Iliana Colocho
El Diario de Hoy
vida@ elsalvador.com
Una vez
cesárea... siempre cesárea, así pensaba Ángela
Mejía después de tener a su primer hijo por este método
a sus 32 años de edad.
Ese fue el temor que tuve cuando salí embarazada por segunda
vez. No creí que pudiera tener un parto normal, comentó
la madre ya con cuatro niños.
Los expertos afirman que las mujeres que intentan dar a luz de forma natural
después de haber pasado por el bisturí, afrontan y
sus bebés también ciertos riesgos de salud. Éstos,
sin embargo, no las inhibe de la experiencia de un parto vaginal.
Lo único que demandan es un análisis exhaustivo por parte
del obstetra, para determinar el tipo de cesárea efectuada, el
diagnóstico que motivó a abocarse a esa método y
la evolución posoperatoria.
Así, el alumbramiento vaginal después de una cesárea
tiene un éxito superior al 70 por ciento. Bajo ciertas condiciones,
es considerado seguro, y con una baja probabilidad de complicaciones.

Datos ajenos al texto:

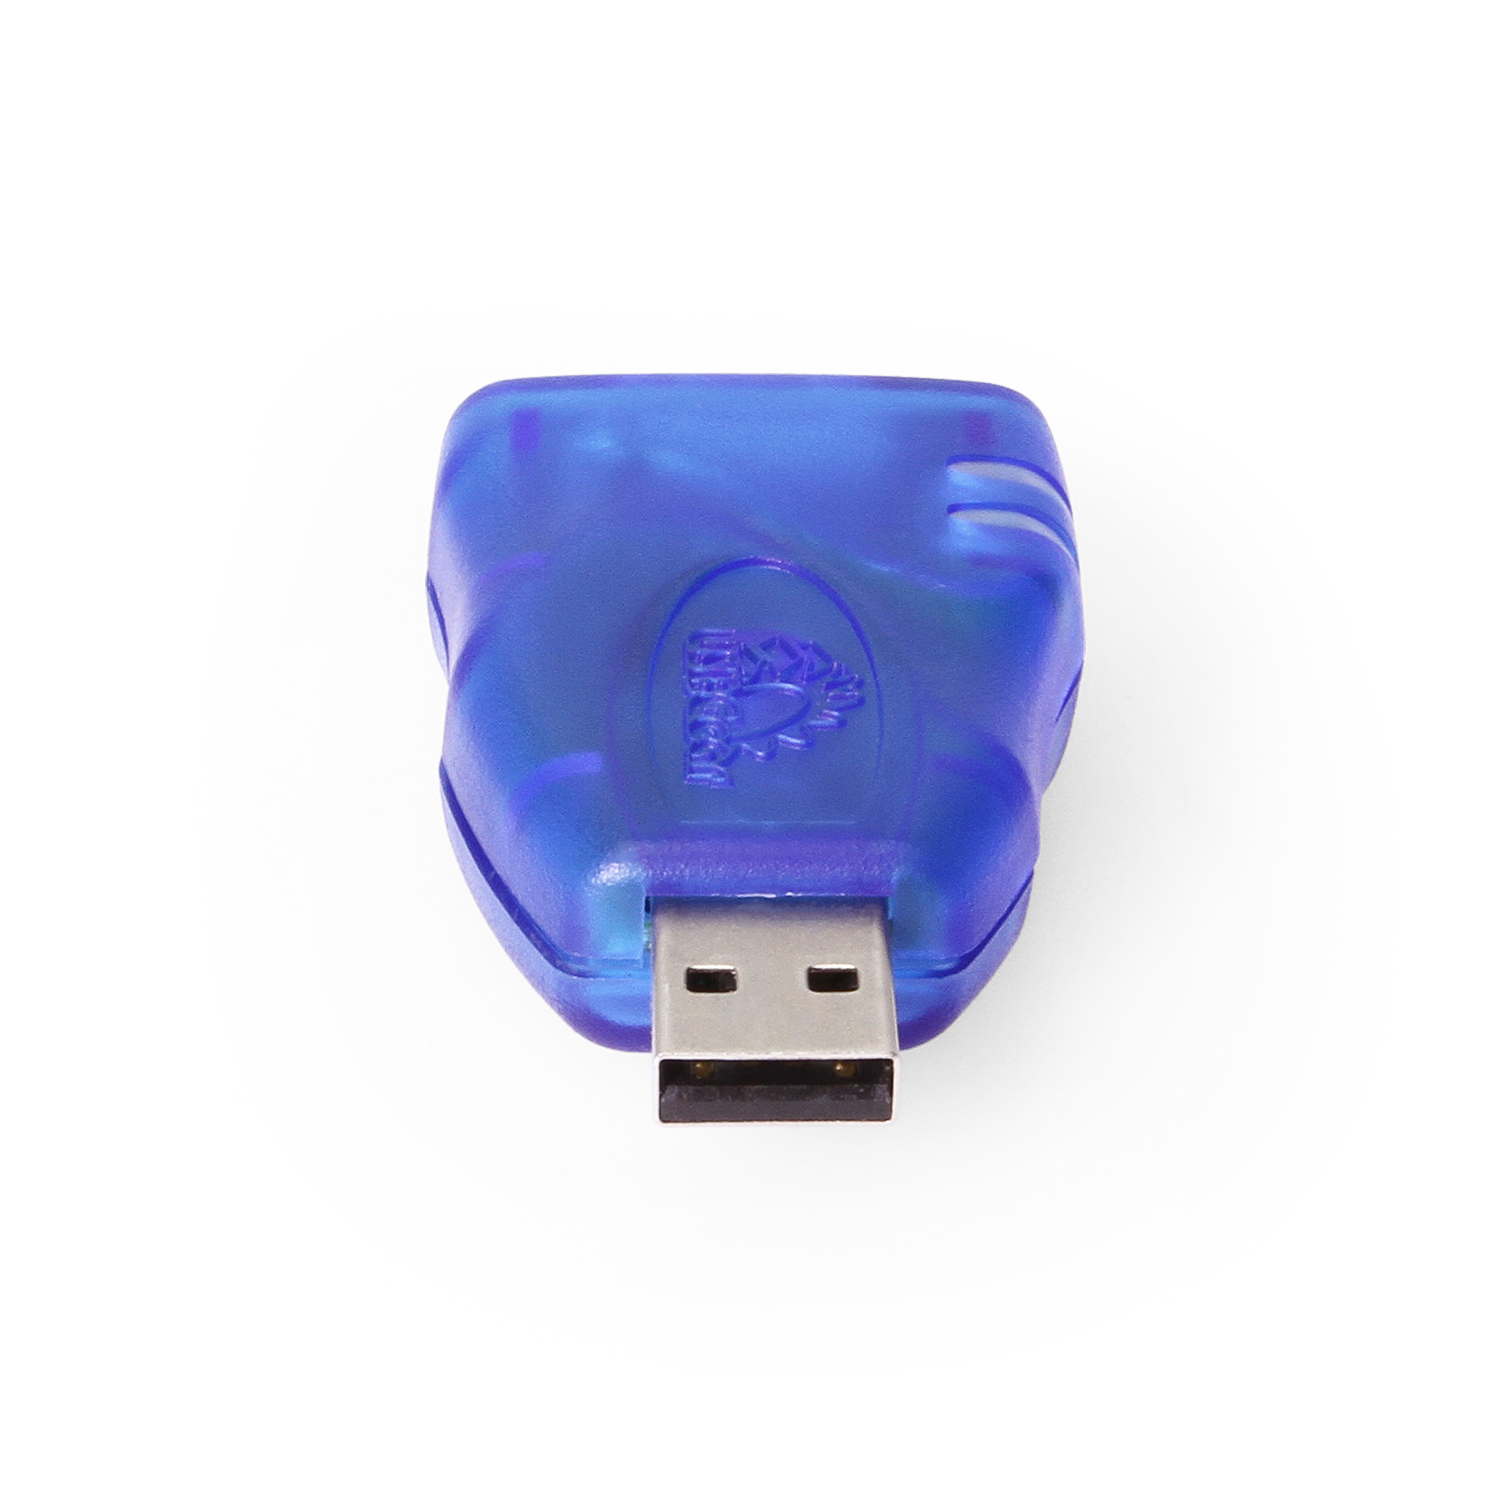 3D Printer Accessory EMMC-ADAPTER V2 Upgraded USB3.0 Card Reader

Incluso, los especialistas prefieren que sus pacientes tengan muy en cuenta
esta opción, ya que es una manera más segura de intervención.
No es necesaria cirugía abdominal, la estadía en el hospital
es más breve, existe menor riesgo de infección y la recuperación
es más rápida.
De acuerdo con la información del Ministerio de Salud, para 2004
los partos por cesárea fueron menores en consideración a
los normales. De los primeros se registraron 14,065 casos, y de los segundos
39,733 a nivel nacional.
No obstante, el tener a un niño sin la ayuda de una incisión
resulta imposible si la madre presenta las mismas condiciones que llevaron
al médico a descartar la técnica convencional, o bien, en
el caso de que la cicatriz del útero no sea lo bastante fuerte
como para soportar, sin problema alguno, las contracciones.
La doctora Dalila Cerón de Aguilar explica que el principal riesgo
al someter a trabajo de parto a una paciente con antecedente de una cesárea
es la rotura uterina. Las probabilidades que ocurra este tipo de incidente
se encuentra entre el 0.5 y el uno por ciento.
¿Me
conviene?
Bella Francia, de 24 años, está cercana a tener a su segundo
bebé. El mayor nació gracias a un corte que le hicieron
es su abdomen. Con el próximo repetirá la historia. No
me agrada la idea de sentir los dolores de parto. Mi doctora asegura que
no cumplo con todos los requisitos, ya el bebé es muy grande,
comenta.
Al decidir si se puede ser reincidente, se debe evaluar el tipo de incisión
que realizaron los médicos en el útero la primera vez. En
ese tipo de nacimientos, se efectúa un corte en el estómago
y otro en el útero. Ambos dejan una cicatriz, y dependiendo de
cómo se haga, se corre el riesgo de que ésta se abra durante
el siguiente alumbramiento.
Hay tres tipos de incisiones: baja transversal, baja vertical y la alta
vertical o clásica.
Las madres que poseen ésta última, corren un riesgo mayor
de ruptura. La misma suerte tendrían aquellas que han dado a luz
más de una vez por cesárea. Aunque esto no ocurre con frecuencia,
un desprendimiento del útero puede ser dañino.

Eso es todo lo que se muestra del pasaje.